I would call 'a long time ago' at GM CGS, or the board. Many moons ago, I worked for a short while with one of the guys who originally helped develop GM's CGS, but I never worked on class A surface myself. I used several products over the years, later I just found Inventor to be quick and simple to use and could do anything I needed. But that was long ago too.

Mainly looking forward to seeing the pics of the actual construction.


----------



## RMH (Jan 17, 2009)




----------



## old graybeard (Jan 19, 2006)

FREEPOP said:


> Winner winner chicken dinner.
> 
> I realized that there's nothing that makes it more distinguishable from other softwares.
> Autodesk lagged behind in the 3-d world, sitting fat and happy on their 2-d revenues for too long.
> ...


Hey I also worked at GM and used Unigraphics in the experimental division in Lansing. Small world


----------



## FREEPOP (Apr 11, 2002)

old graybeard said:


> Hey I also worked at GM and used Unigraphics in the experimental division in Lansing. Small world


We were at the Pine Street plant, 64?


----------



## old graybeard (Jan 19, 2006)

FREEPOP said:


> We were at the Pine Street plant, 64?


Yep I worked in experimental sheet metal for 30 years


----------



## BigWoods (Jul 6, 2003)

The good old days. Things aren't the same these days...


----------



## Luv2hunteup (Mar 22, 2003)

Any progress pictures?


----------



## FREEPOP (Apr 11, 2002)

Luv2hunteup said:


> Any progress pictures?


No progress, finishing up Beaver trapping up north. Gotta finish putting up fur, then building will start.


----------



## fred1 (Jun 2, 2009)

A lot of good ideas in an old thread last August named Permenant Blind Recommendations.

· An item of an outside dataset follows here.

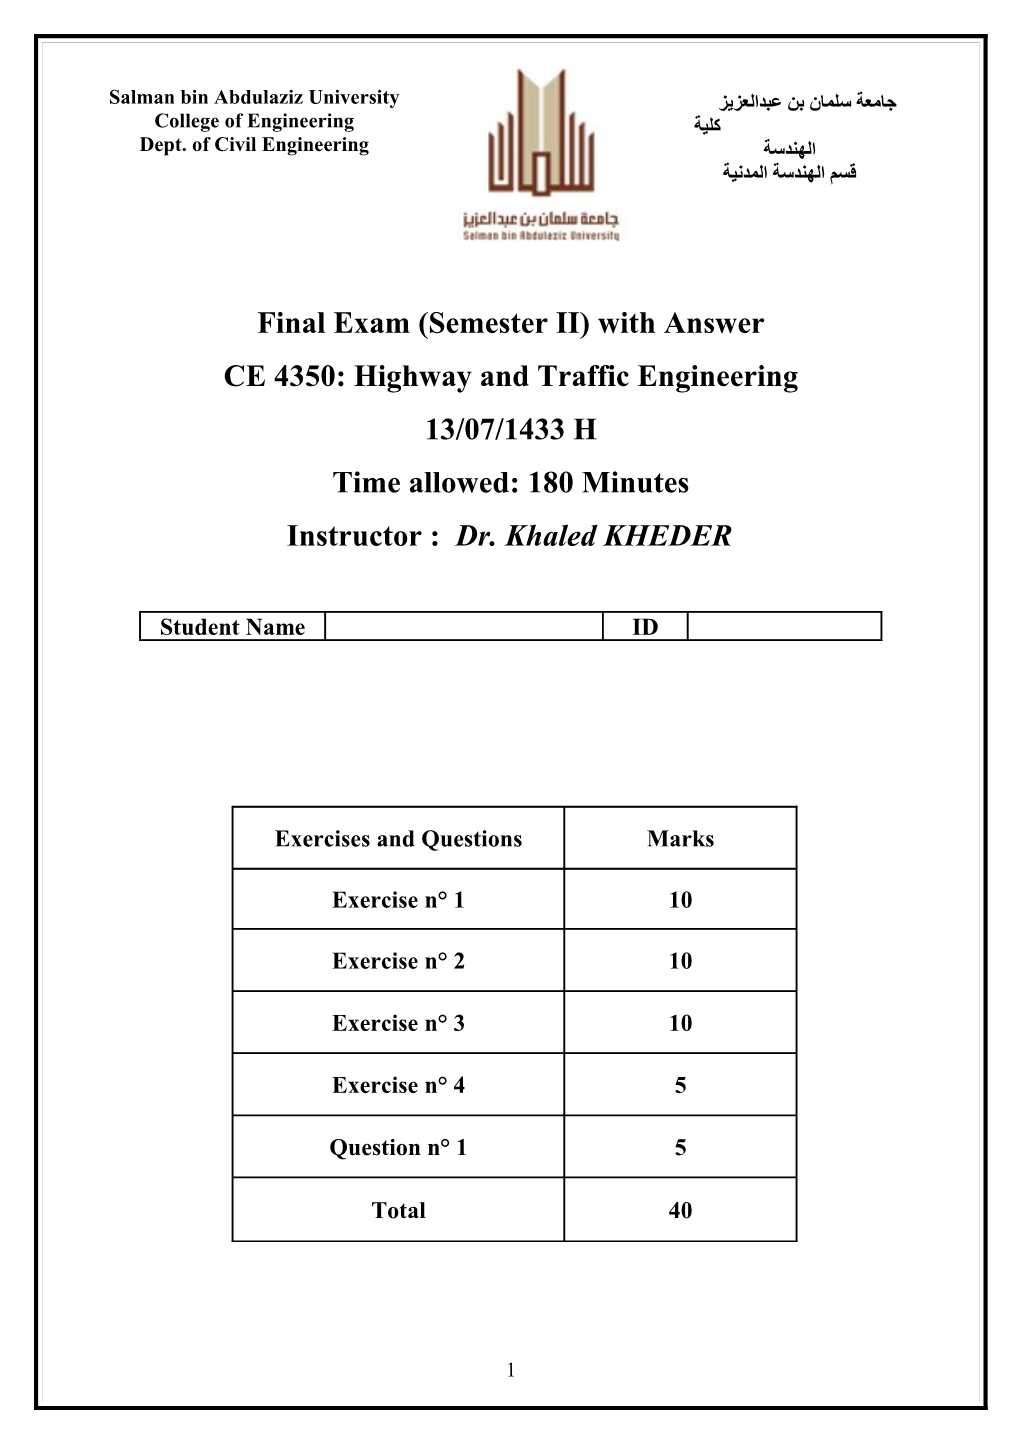 Final Exam (Semester II) with Answer

Sent from my RCT6513W87 using Tapatalk


----------



## old graybeard (Jan 19, 2006)

LabtechLewis said:


> You're not naming the tower "FREEPOP'S Erection" are you?!? That would be weird.
> 
> I admire your motivation, sir! Nice job.


Now that's pretty funny!


----------



## FREEPOP (Apr 11, 2002)

Got all the cross bracing lag bolted and cut an important piece, the center tie for the trusses.


----------



## Waif (Oct 27, 2013)

Hey ,it's rainin : go test it out!


----------



## FREEPOP (Apr 11, 2002)

Just a mist here. Watching turkeys fighting in front of it now.


----------



## Waif (Oct 27, 2013)

FREEPOP said:


> Just a mist here. Watching turkeys fighting in front of it now.


Bummer. Is it the inlaws , or the neighbors out there?


----------



## FREEPOP (Apr 11, 2002)

A few good days of weather on the horizon  and start the roof trusses tonight


----------



## mbrewer (Aug 16, 2014)

FREEPOP said:


> I live in a Communist County, you have to get a permit to get an erection.


You'll save a bunch by pulling it yourself.


----------



## FREEPOP (Apr 11, 2002)

4 trusses up, another 1/3 of the







lawn rolled and four trusses cut to put up tomorrow.


----------



## ltcnav (Oct 10, 2010)

Spent the first 5 yrs in the upper room, then added room below, then added extension on the side, make room for grandkids! Usually live there for first 5-8 days of deer season.


----------



## old graybeard (Jan 19, 2006)

ltcnav said:


> Spent the first 5 yrs in the upper room, then added room below, then added extension on the side, make room for grandkids! Usually live there for first 5-8 days of deer season.


Now that's what I call a comfy looking blind!


----------



## mattawanhunter (Oct 30, 2011)

FREEPOP said:


> 4 trusses up, another 1/3 of the
> View attachment 309687
> lawn rolled and four trusses cut to put up tomorrow.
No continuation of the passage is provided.